While the practice of asking for forgiveness from God is part of the daily prayers, during the month of Elul we are meant to take this to an entirely new level – by turning to every person in our lives, and to God, and asking for forgiveness for all the ways we have failed in the past year. It is perhaps one of the most powerful, terrifying and purifying religious practices.

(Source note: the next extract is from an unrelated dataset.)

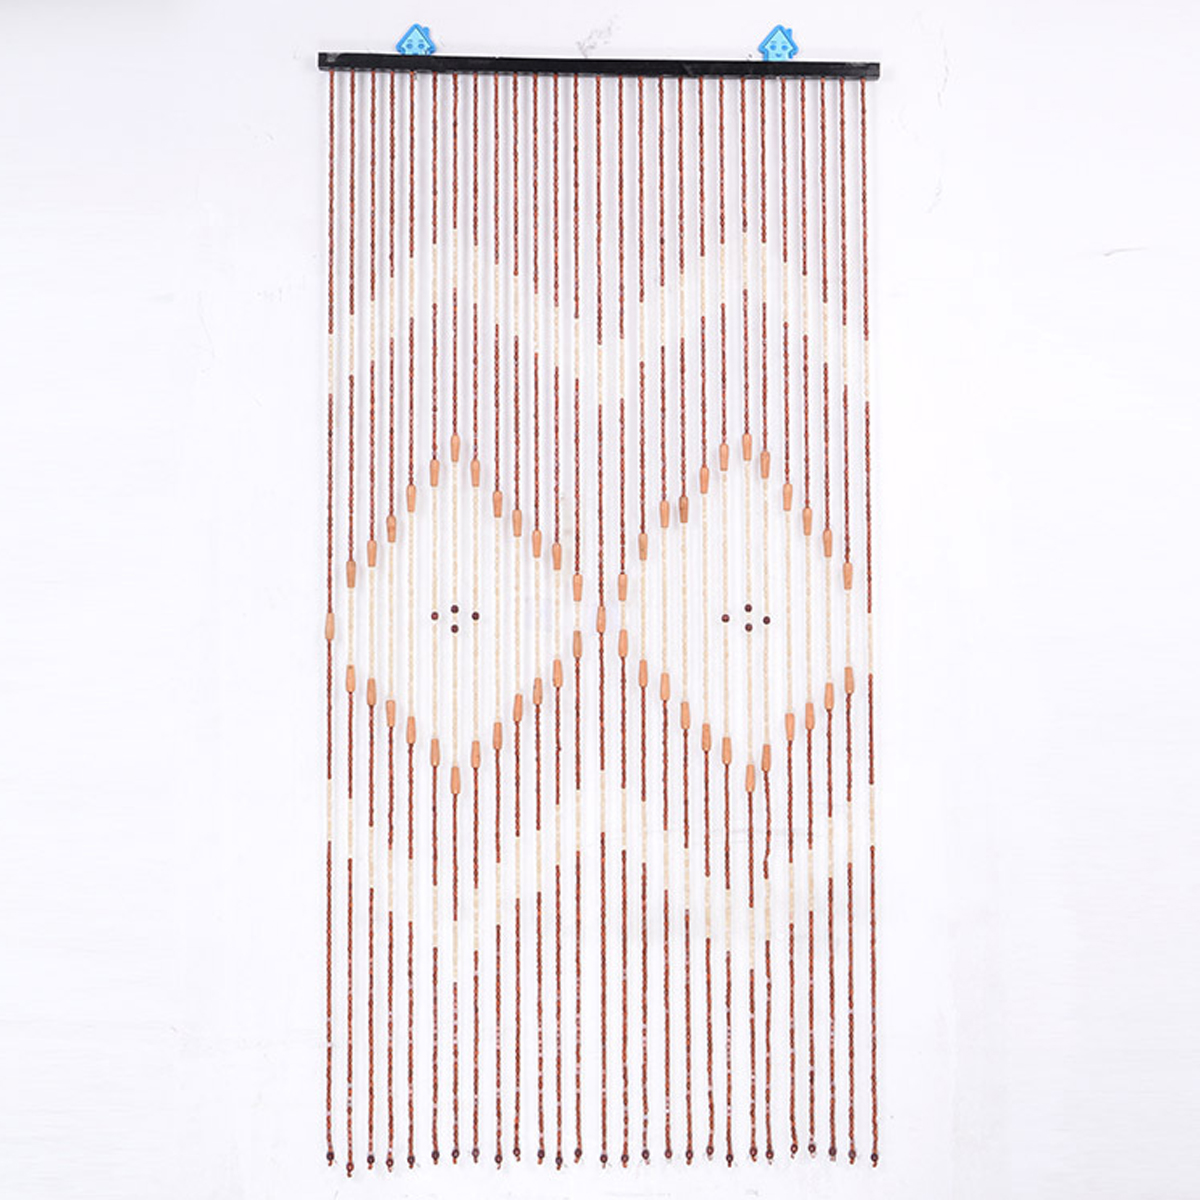 90x175cm-27Line-Wooden-Bead-Curtains-Fly-Screen-Porch-Bedroom-Living-Room-Divider-1599032-2
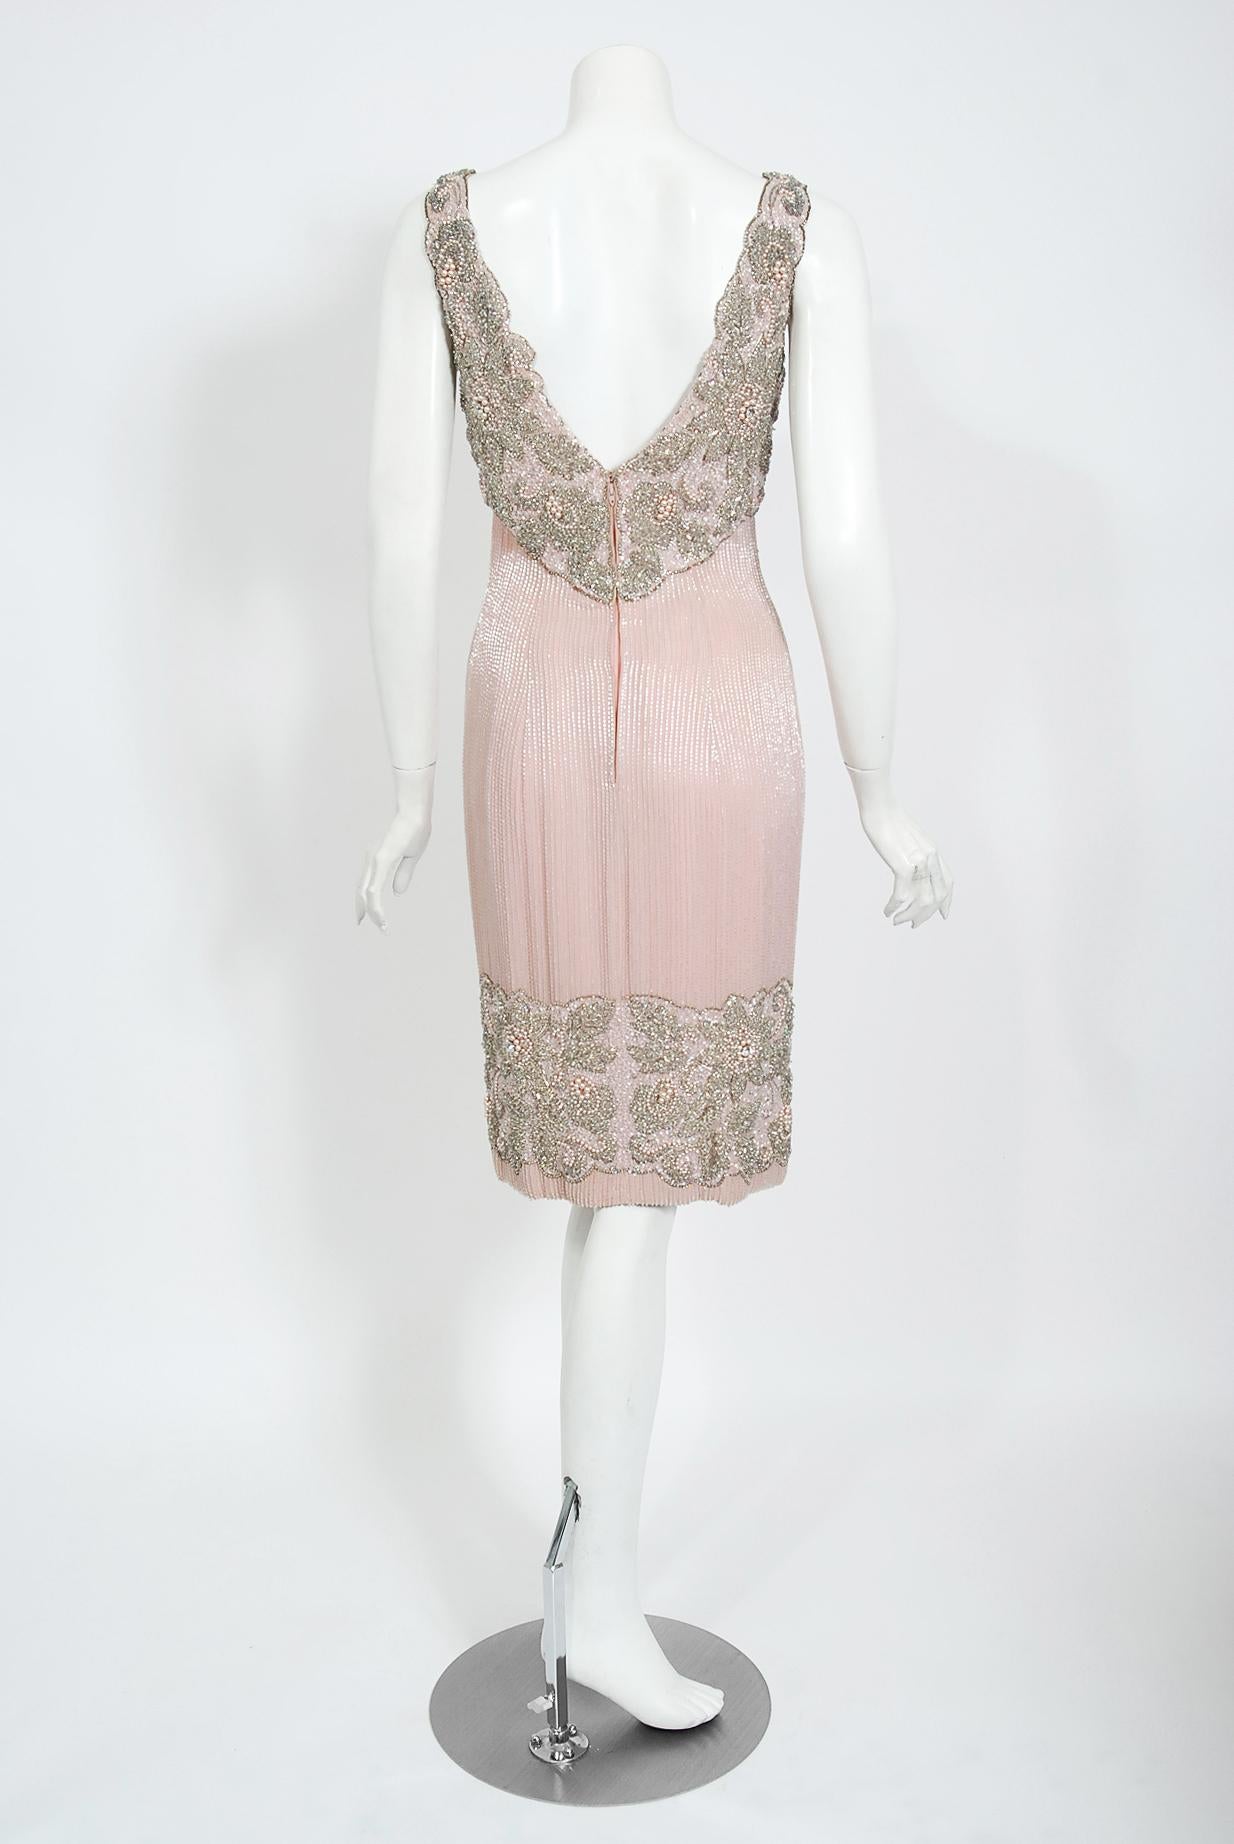 Vintage 1960's Helen Rose Couture Fully-Beaded Blush Pink Silk Hourglass Dress For Sale 2

But the sages differ on how one should engage in this practice, and what its dangers and limitations are. Rabbi Jonah of Gerona, a medieval scholar, posits in The Gates of Repentance that the first principle of teshuva is, “One must ask oneself: ‘What have I done? What have I become?’” This initial act of reflecting on who we are and what we have become in the last year is only a beginning. The hard part is turning to those we are closest to, whom we might have hurt (and who hasn’t hurt someone this year, even unintentionally?), and saying to them: “Please forgive me if I have hurt you in some way.” Whether the pain we caused was known or unknown to us, just saying these words can open up the path for reconciliation, but such direct interpersonal encounters can also open a floodgate of difficult responses and realizations.

But the ancient sages who edited the Babylonian Talmud tractate of Yoma were very much aware of the complexities of this practice of asking for forgiveness. They knew that if we were really to take the practice seriously, difficult questions would emerge: How many times do I have to ask someone to forgive me? What if the person I need to ask forgiveness from has died? Is it always the right time to ask for forgiveness? Experienced as they were with the same human frailties that we struggle with, the sages taught us some guiding principles which, even today, may help us best navigate Elul: • You need to ask someone for forgiveness at least three times; • If need be, ask rabbis and friends for help in a difficult situation; • Even if the person is deceased, you should go to their grave and ask them and God for forgiveness; • Repentance isn’t always possible and we cannot force another person to forgive us; Don’t wait until the night before Yom Kippur to ask someone to forgive you. And don’t wait for a time when it might get easier – because it probably won’t.

As the famous rabbinic dictum in Mishna Pirkei Avot, repeated in the liturgy, teaches us, “Repent one day before your death. But how do we know when the day before our death will be? We don’t, and thus we should repent every day.” (Shabbat 153a) All of these questions and challenges become the focus in Elul, an entire month of engagement with our most difficult relationships. All of them call for examination, all of them call on us to rethink and repair them.

Even the most perfect and righteous need to examine their deeds.

As Rabbi Jonah of Gerona wrote, quoting Ecclesiastes: “‘There is not a righteous person on earth who does [only] good and does not sin’ (Eccles.7:20). However, [the righteous] subdue their evil inclination 100 times. If they have succumbed to a sin once, they do not repeat it, to prevent becoming loathsome in their own eyes; and so they repent.”

(The Gates of Repentance, The First Gate) It is this process of teshuva now which will enable us to better engage with the deep spiritual challenges of the month that follows, Tishrei.

The more work we do now on heshbon hanefesh (accounting for one’s soul), the greater will be our joy, because we will be living our most important relationships – and our entire lives – closer to the best vision we have for ourselves.